- **WHAT THE TASK ASKS**: The pictures stay out. Please retype every line below exactly.

- **SUPPLIED DATA**:
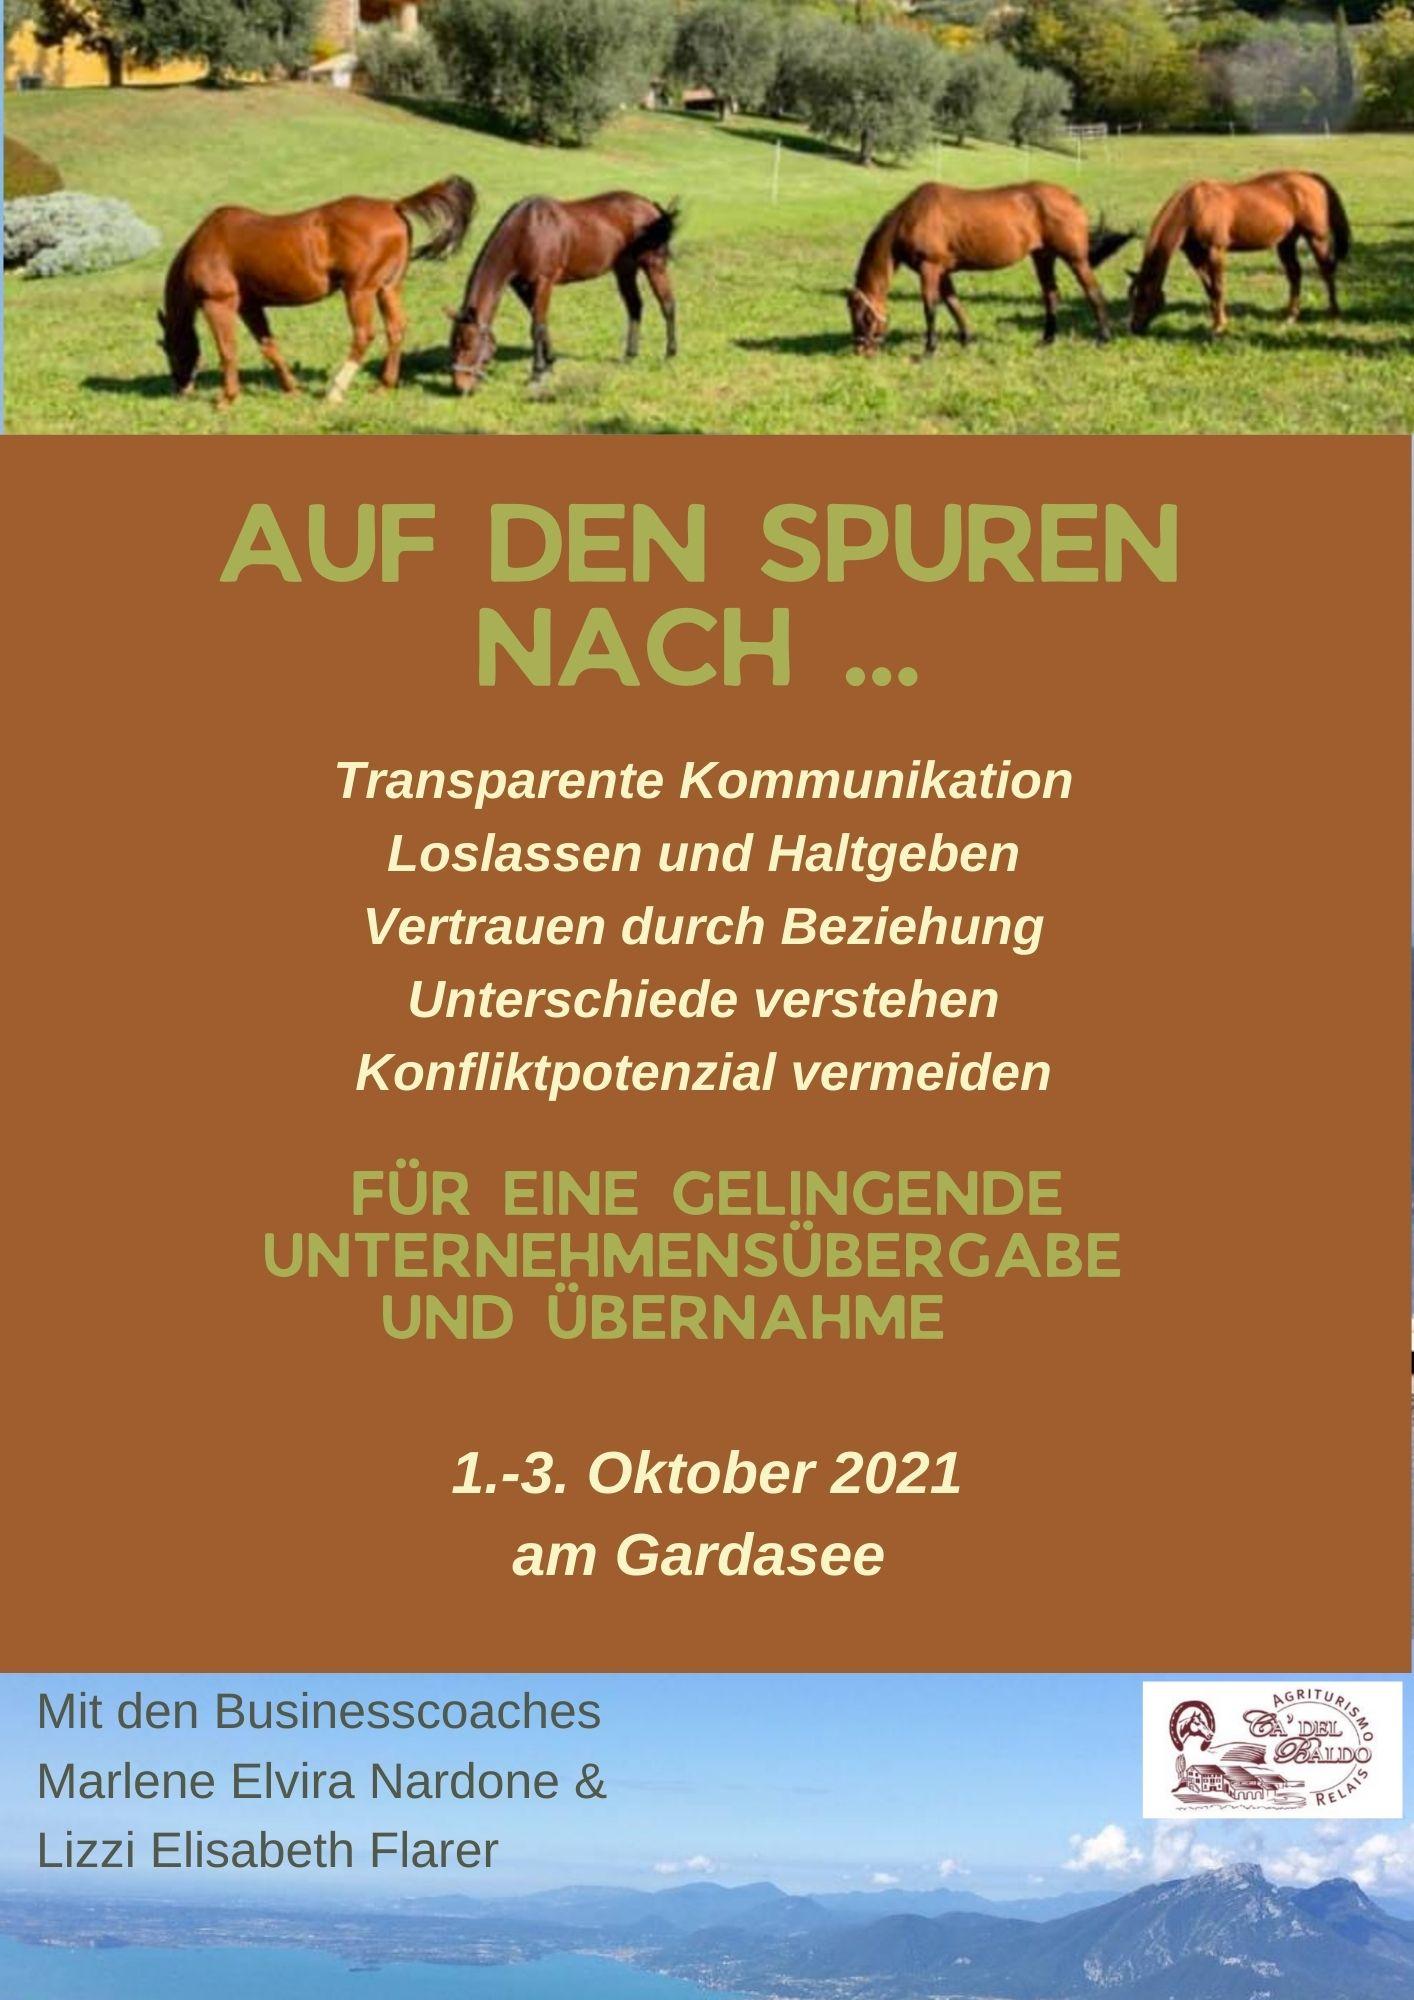 unternehmensnachfolge-gardasee-seminar-lizziflarer
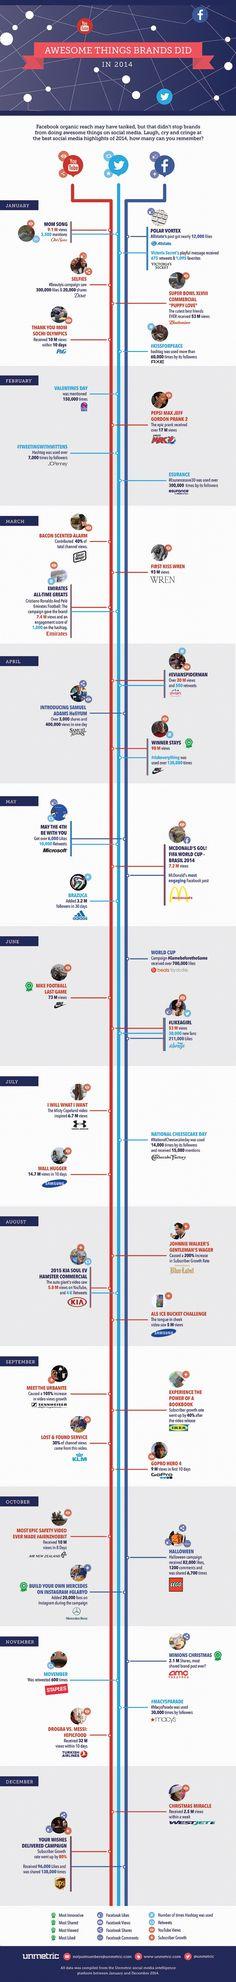 Deze Infographic geeft een overzicht van de awesome acties van merken waar we in 2014 van hebben kunnen genieten. Kunnen we 2014 overtreffen? En aan welke acties heb jij deelgenomen of extra van genoten? Op 42Bis delen we dagelijks de meest interessante infographics die we tegenkomen. Dikke kans dat er
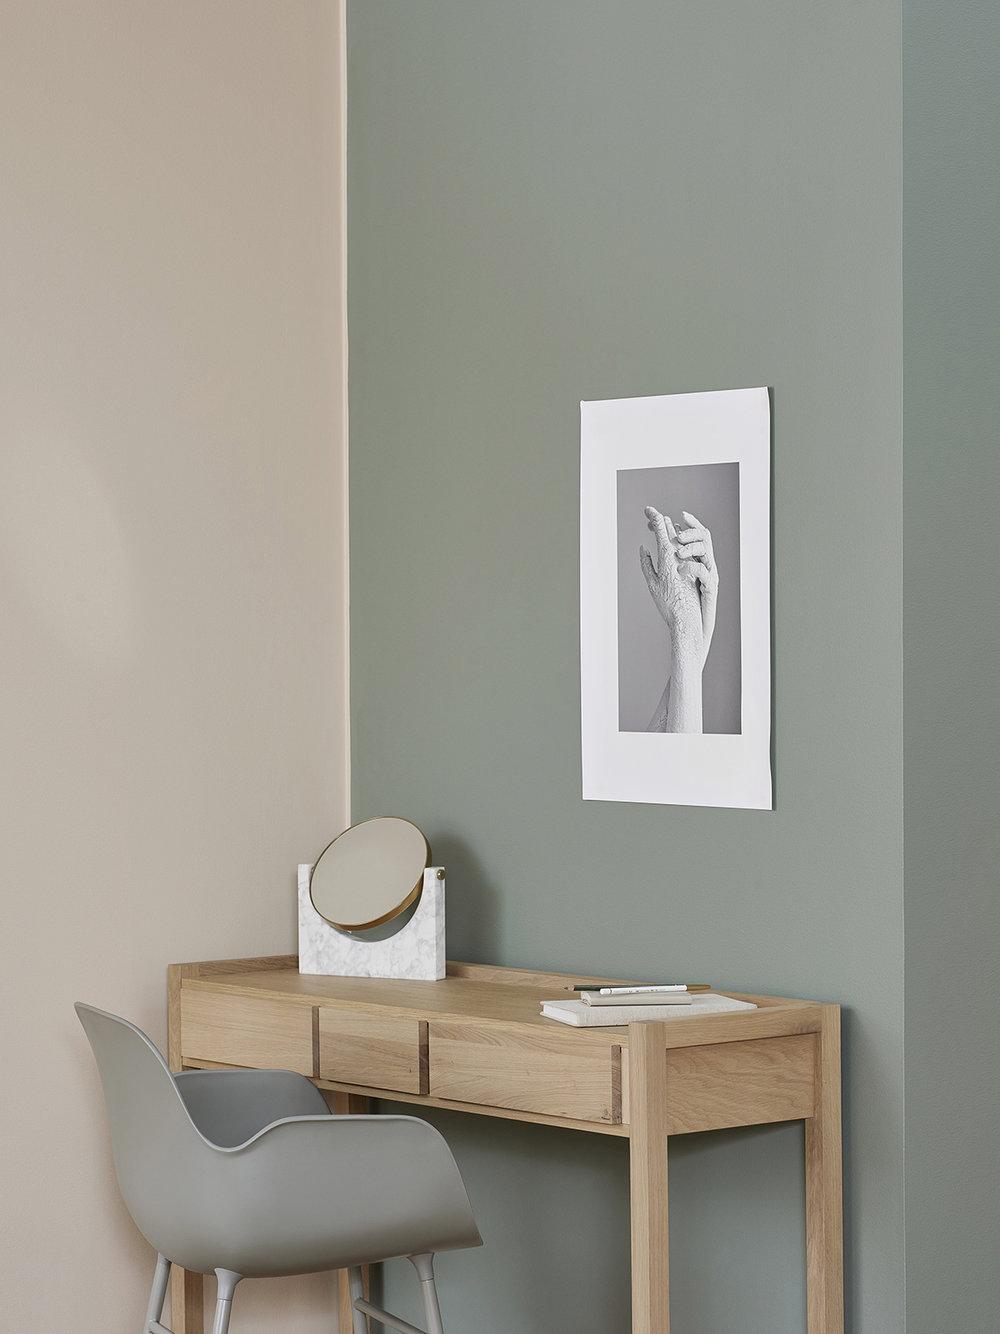 Styling and photography by Riikka Kantinkoski
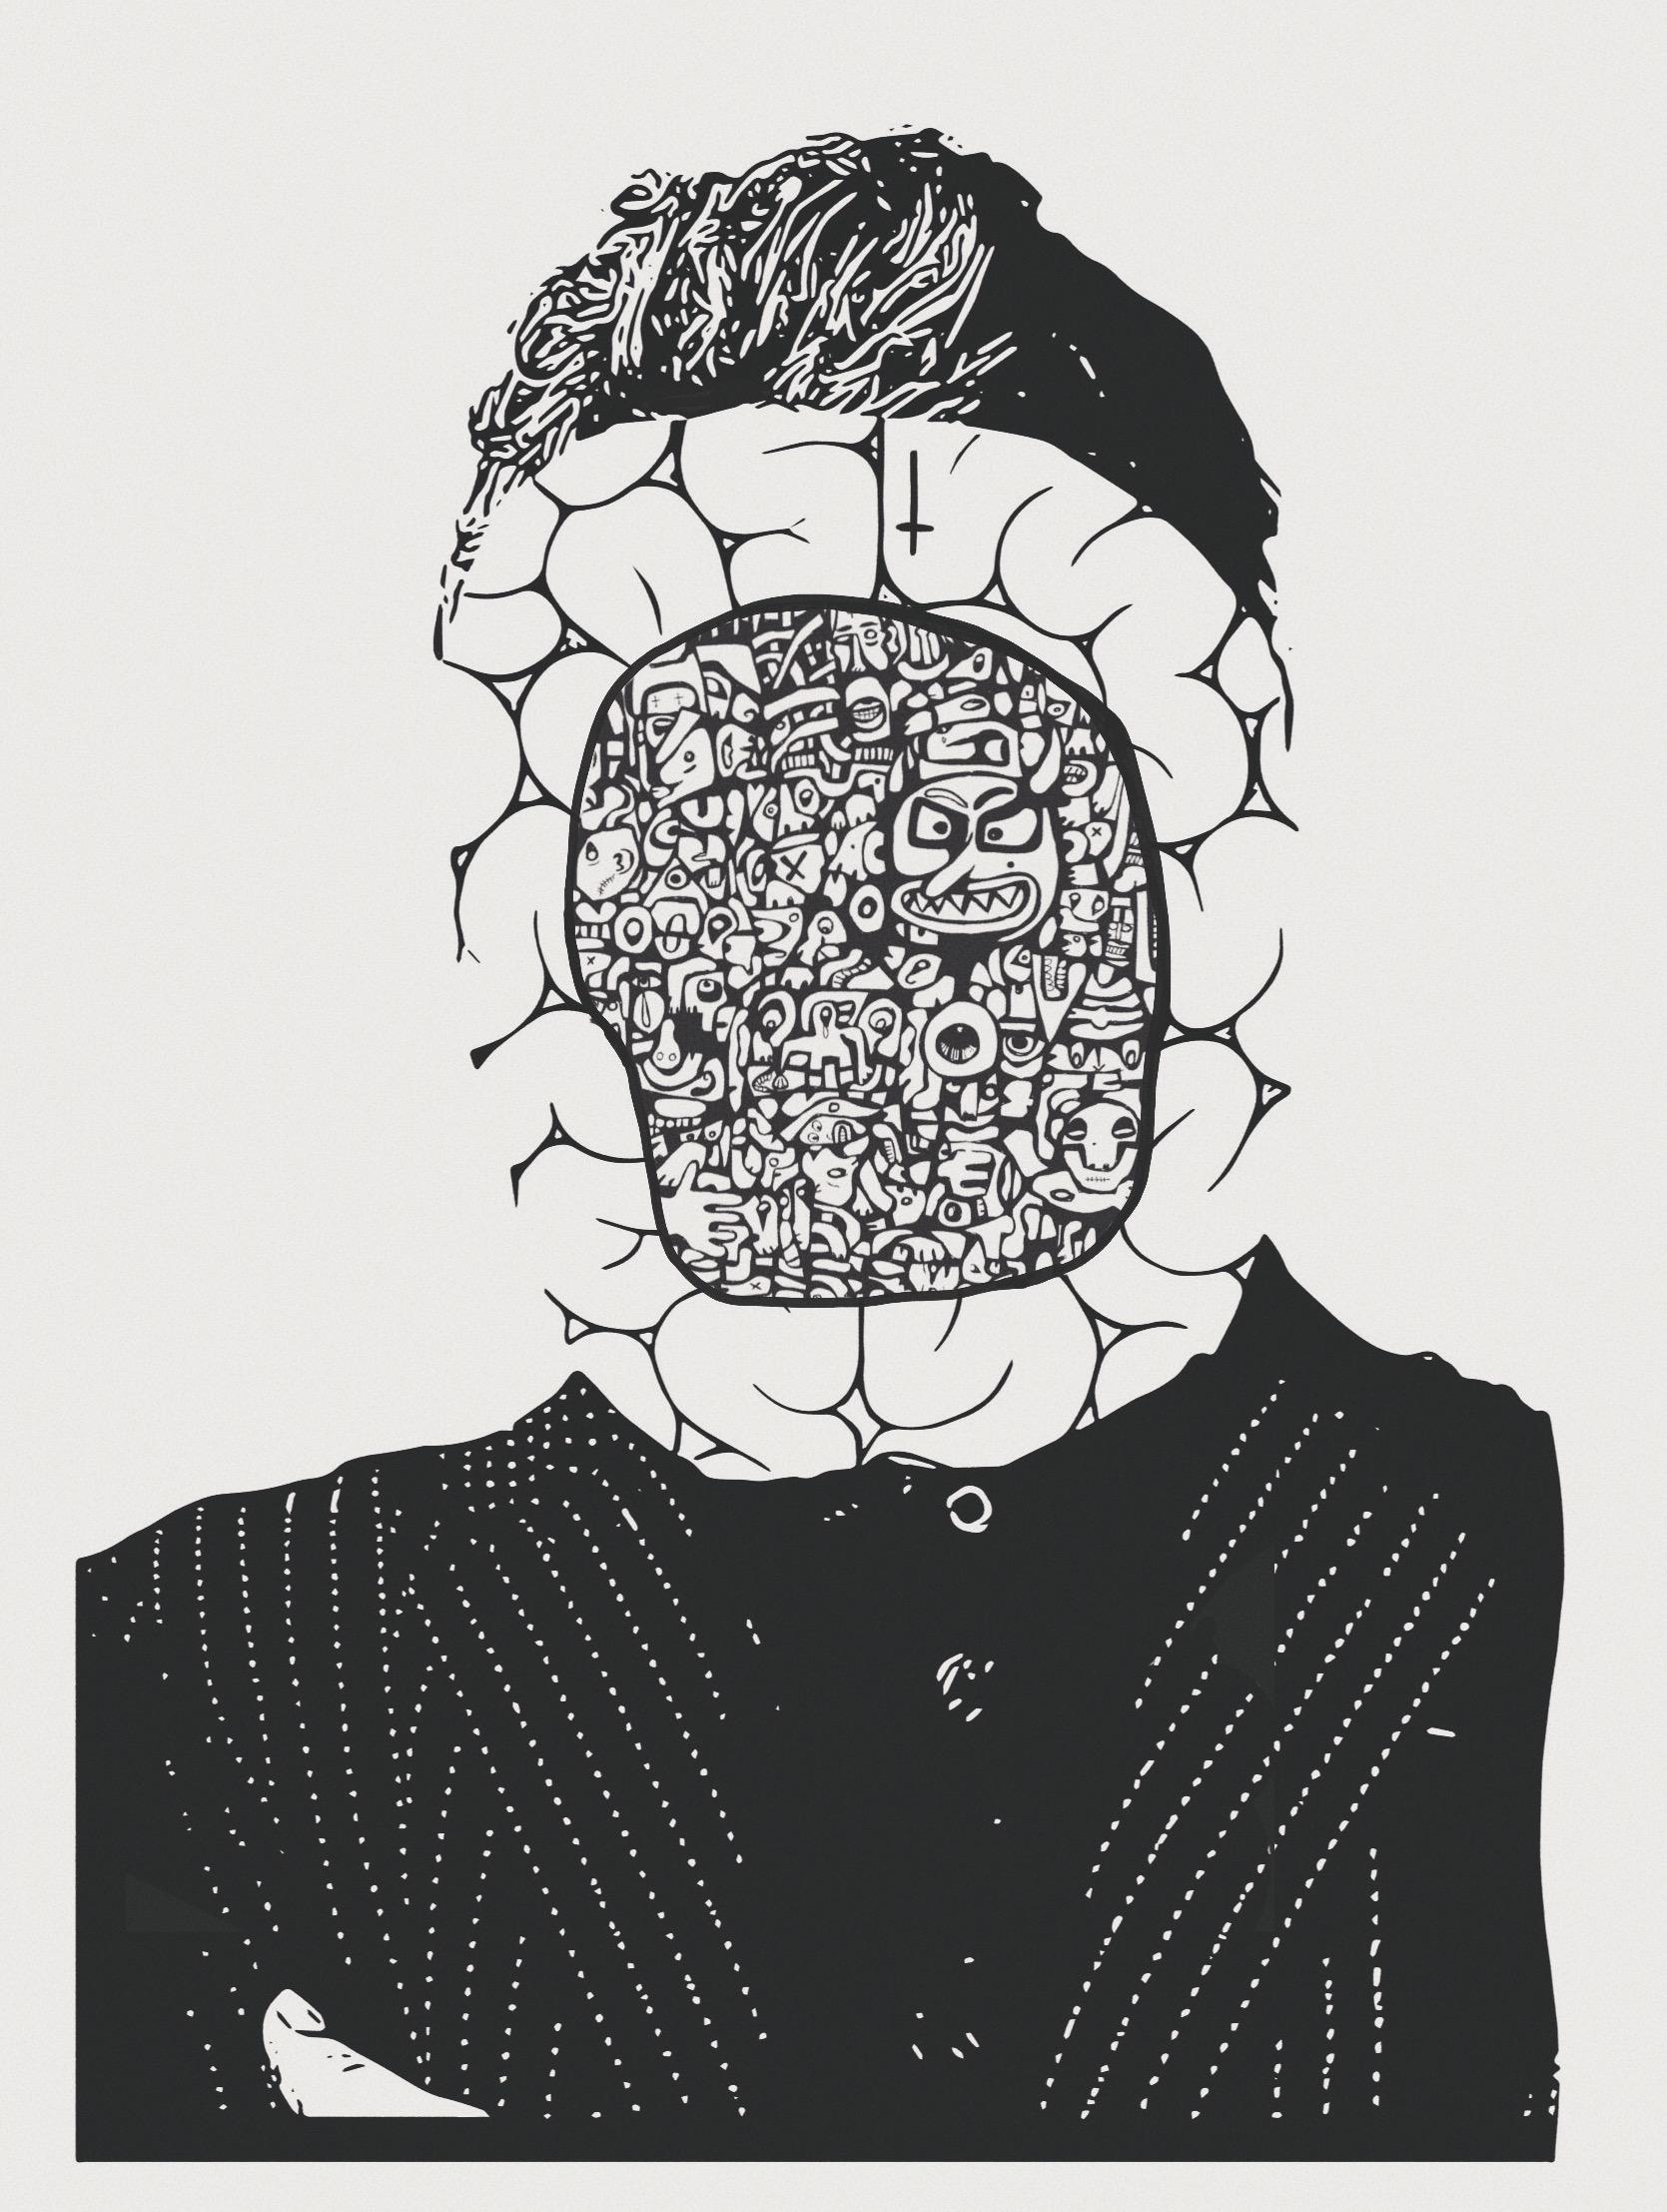 Microwave mind

- **RESPONSE**:
 unternehmensnachfolge-gardasee-seminar-lizziflarer
 Deze Infographic geeft een overzicht van de awesome acties van merken waar we in 2014 van hebben kunnen genieten. Kunnen we 2014 overtreffen? En aan welke acties heb jij deelgenomen of extra van genoten? Op 42Bis delen we dagelijks de meest interessante infographics die we tegenkomen. Dikke kans dat er
 Styling and photography by Riikka Kantinkoski
 Microwave mind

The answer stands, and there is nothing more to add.